NewFunds’ total expense ratio is 0.57%, which is within the range of other ETFs. 

Historical performance: While the fund has been good at tracking its benchmark with a tracking error of 0.44%, poor performance by preference shares as an asset class over the past few years has weighed on the overall returns of this ETF. The fund recorded a loss of 0.6% since inception in March 2012. Historically, preference shares have appealed to tax-sensitive investors as dividends received were tax exempt until the introduction of the 15% withholding tax in 2013. That has dented their attractiveness but they still hold tax advantages.

Fundamental view: The past few years have been bumpy for most listed preference shares. The Preference Share Index took a harsh beating and is now sitting at a 15% discount to its 2008 levels. That said, throughout its history the index’s total return has largely been driven by dividends as opposed to capital appreciation. Which is why we think CoreShares PrefTrax ETF will appeal to long-term, income-focused investors.

The prospects of preference shares hinge to a great extent on how banks respond to the amendments to the Basel 3 regulatory framework. Under the new regulations, which SA started implementing in 2013, banks’ preference shares will not be regarded as core capital as was previously the case. Banks are therefore required to phase out preference shares as core capital at the rate of 10% per year. While banks have an option not to redeem their preference shares, the fact that these shares won’t count as core capital will make them more expensive for most banks to hold at current yields. We expect most players to eventually redeem them.
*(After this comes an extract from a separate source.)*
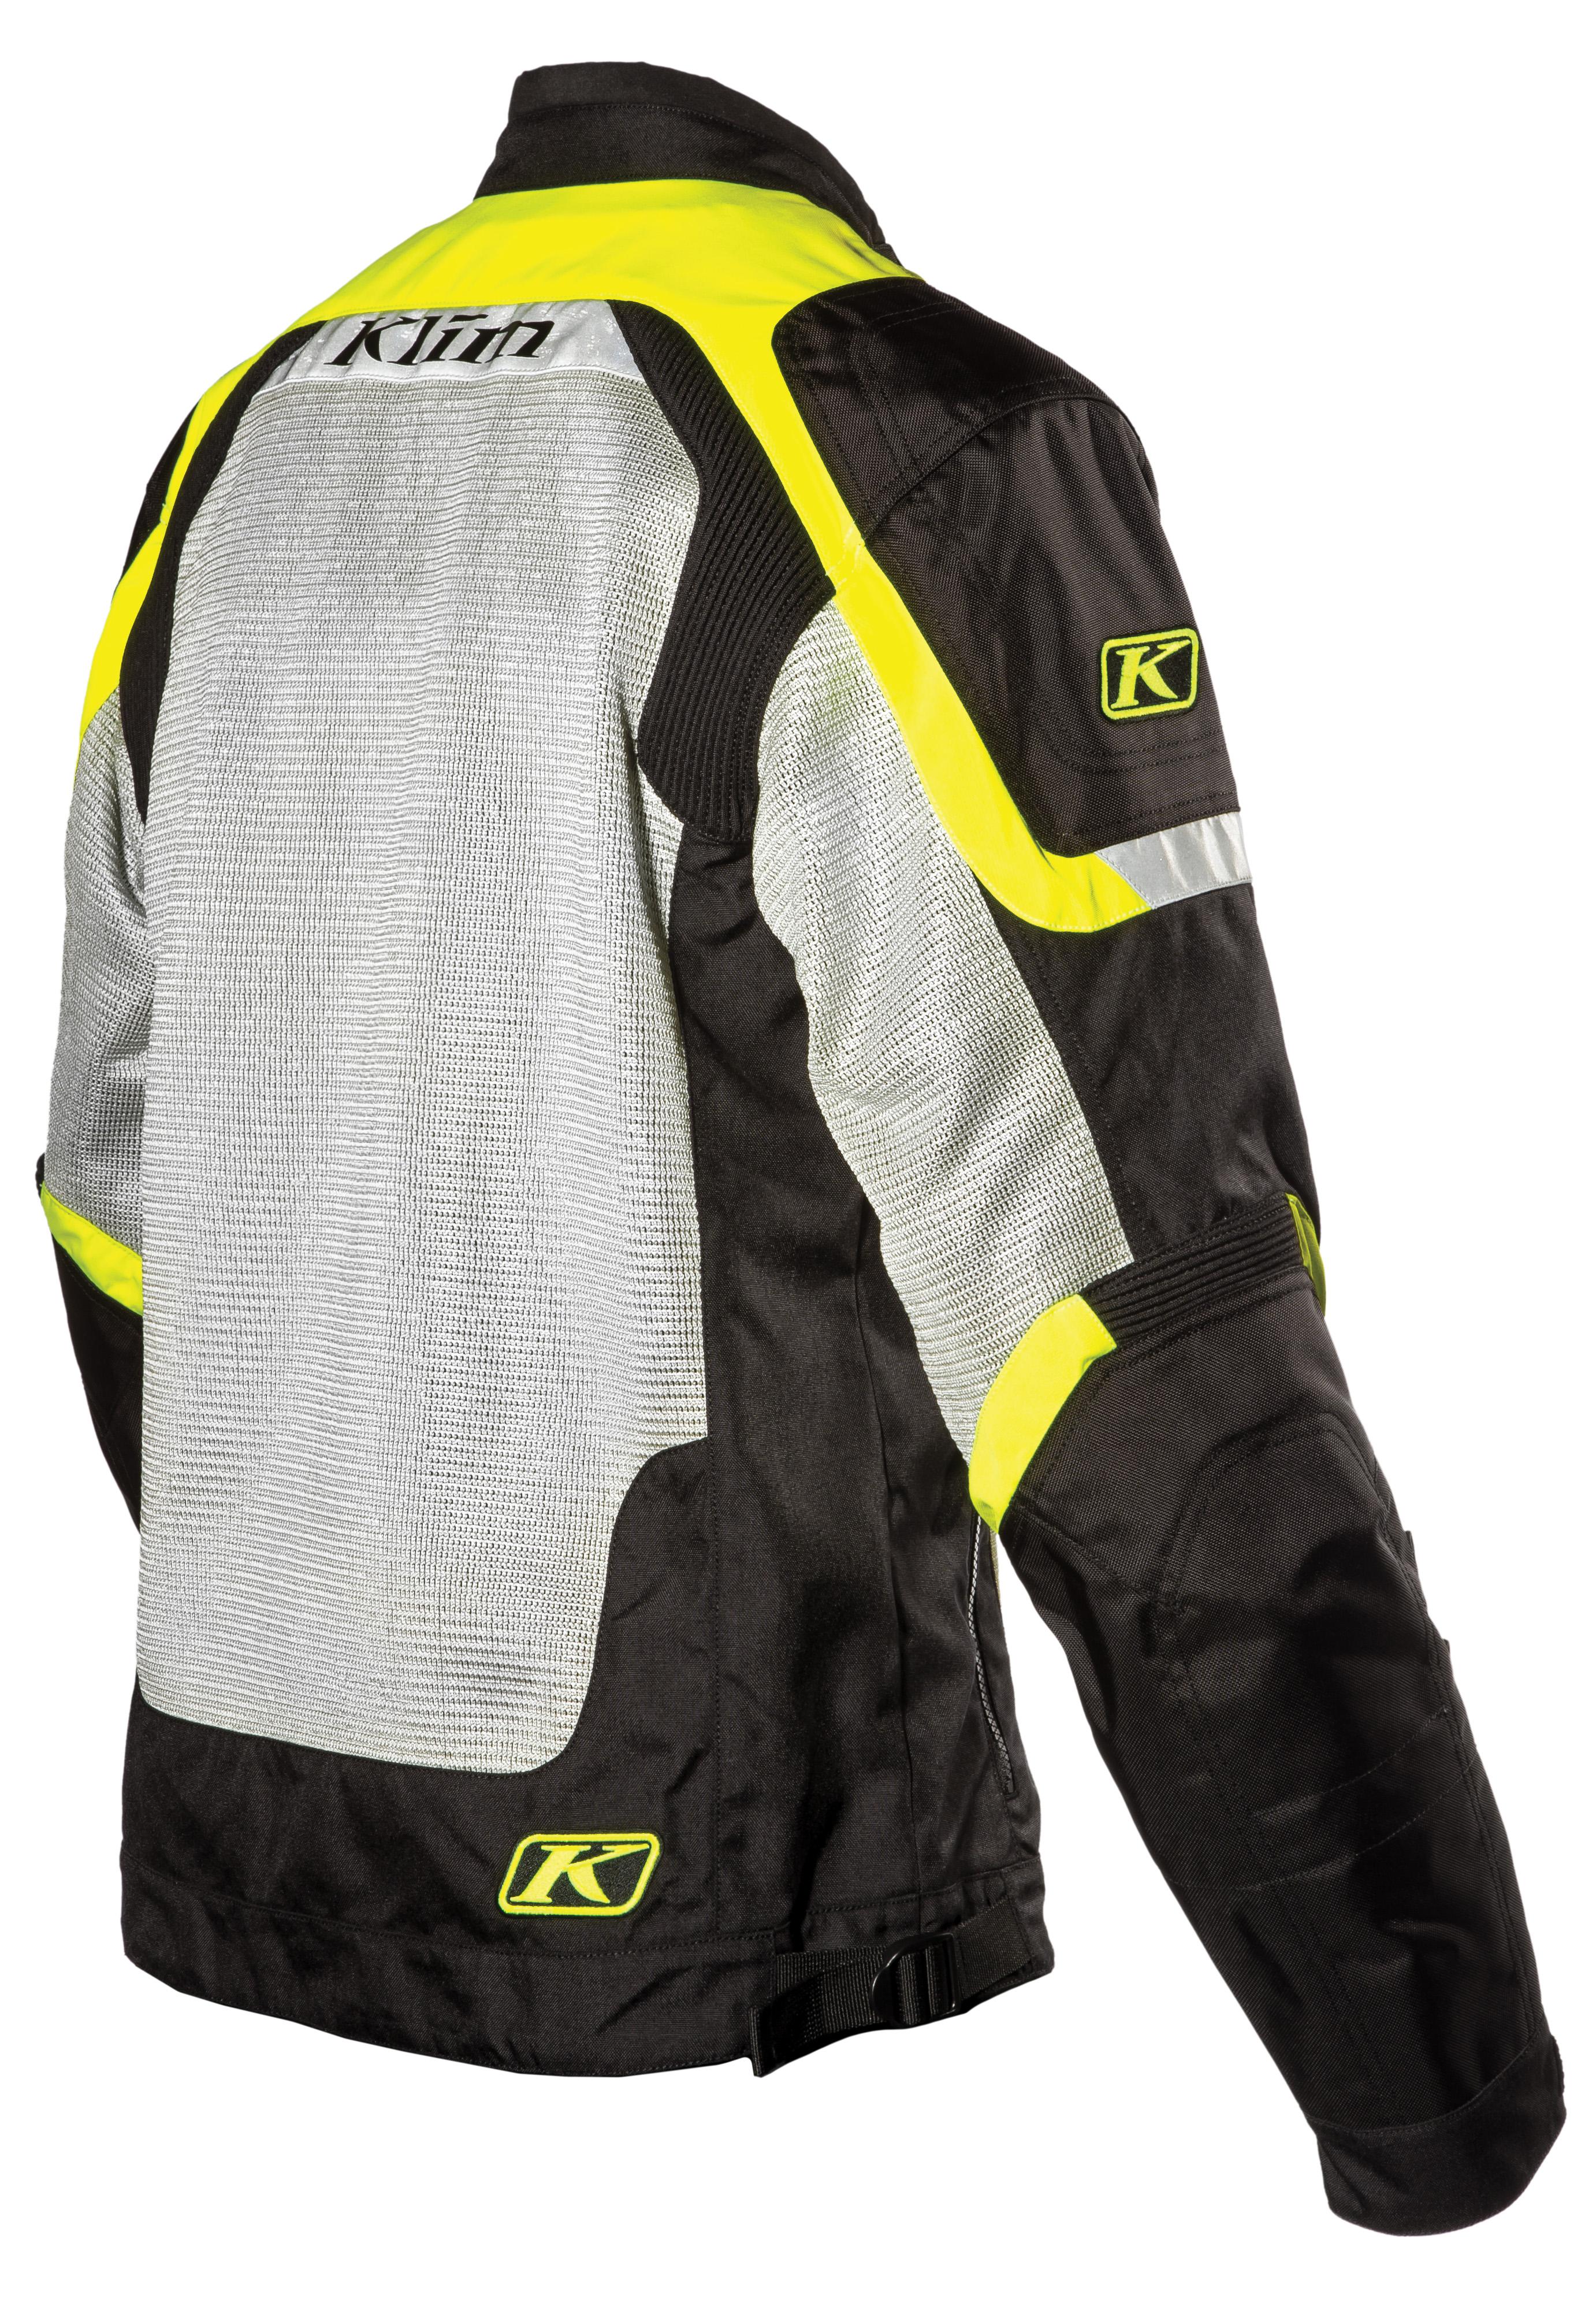 Induction Jacket 5060-000-500-B
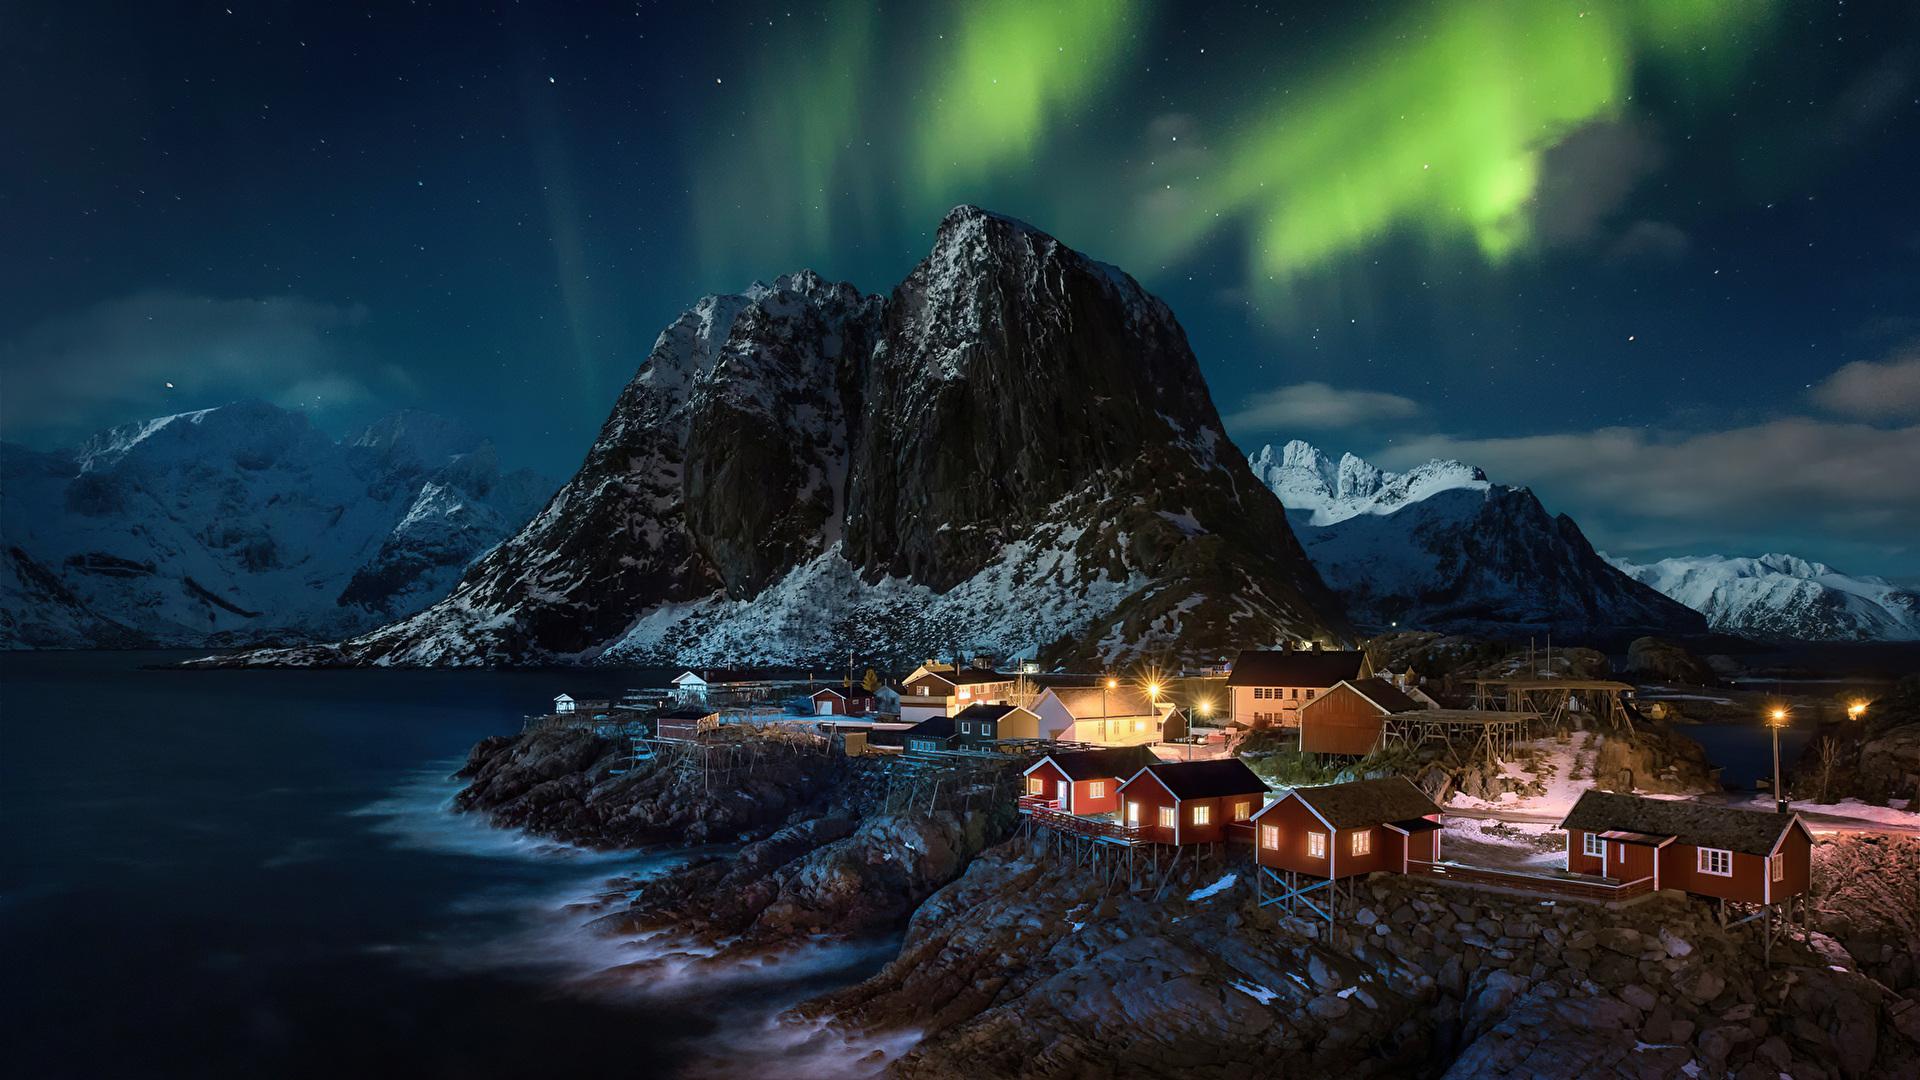 lofoten-norway-village-aurora-northern-lights-4k-pb.jpg

Capitec has so far taken the lead, redeeming more than 20% of its issued preference shares while Standard Bank, the largest issuer is seeking authority from shareholders. If other banks follow suit, we expect the preference share sector to be negatively affected, considering that more than half of all the preference shares on the market are issued by banks. Depending on the prices at which holders initially bought their shares, chances are that some might be redeemed at losses to holders. Redemptions will also affect the composition of the index tracked by this ETF. It should be noted however that due to the high discounts on preference share current prices, this ETF is offering an attractively high yield.  


Alternatives: Investors do not have much options when it comes to ETFs which track preference shares. Some of the attributes of preference shares, however, can be found through bond ETFs. We list available bond ETFs below. The main weakness with the bond ETFs except the RMB Inflation-X ETF is that they are total return ETFs. This means as much as these funds receive periodic interest payments from their underlying investments, they do not distribute it to unit holders but issue more units.  

The NewFunds Govi ETF tracks the performance of the SA government bond total return index (Govi). This index consists of bonds issued by the South African government, including only those issues in which National Treasury obliges the primary dealers to make a market. With a total expense ratio of 0.24%, this is the cheapest bond ETF on the market. The fund has done quite a good job of tracking its benchmark. Since inception it has trailed its benchmark by 0.25%.

NewFunds ILBI ETF, also issued by Absa Capital, tracks the Barclays Capital/Absa Capital south african government inflation-linked bond total return index of eight RSA inflation-linked bonds.  All coupons received are automatically reinvested to provide a total return product. Inflation-linked bonds show an appreciation in capital value equal to the rise in the local inflation rate (CPI), and the interest rate (coupon) is also calculated on the inflation-linked value of the bond.  Therefore, both capital and income are protected against inflation erosion. The product has an expected TER of 0,28% a year.

As the two Absa ETFs do not offer distributions, income-seeking investors might find RMB Inflation-X ETF attractive. It also provides investors with access to eight RSA inflation-linked bonds but makes quarterly distributions of interest payments to shareholders. The RMB Inflation-X ETFs offer a real yield of the current inflation rate plus 1,82%.  The TER is 0,45% a year.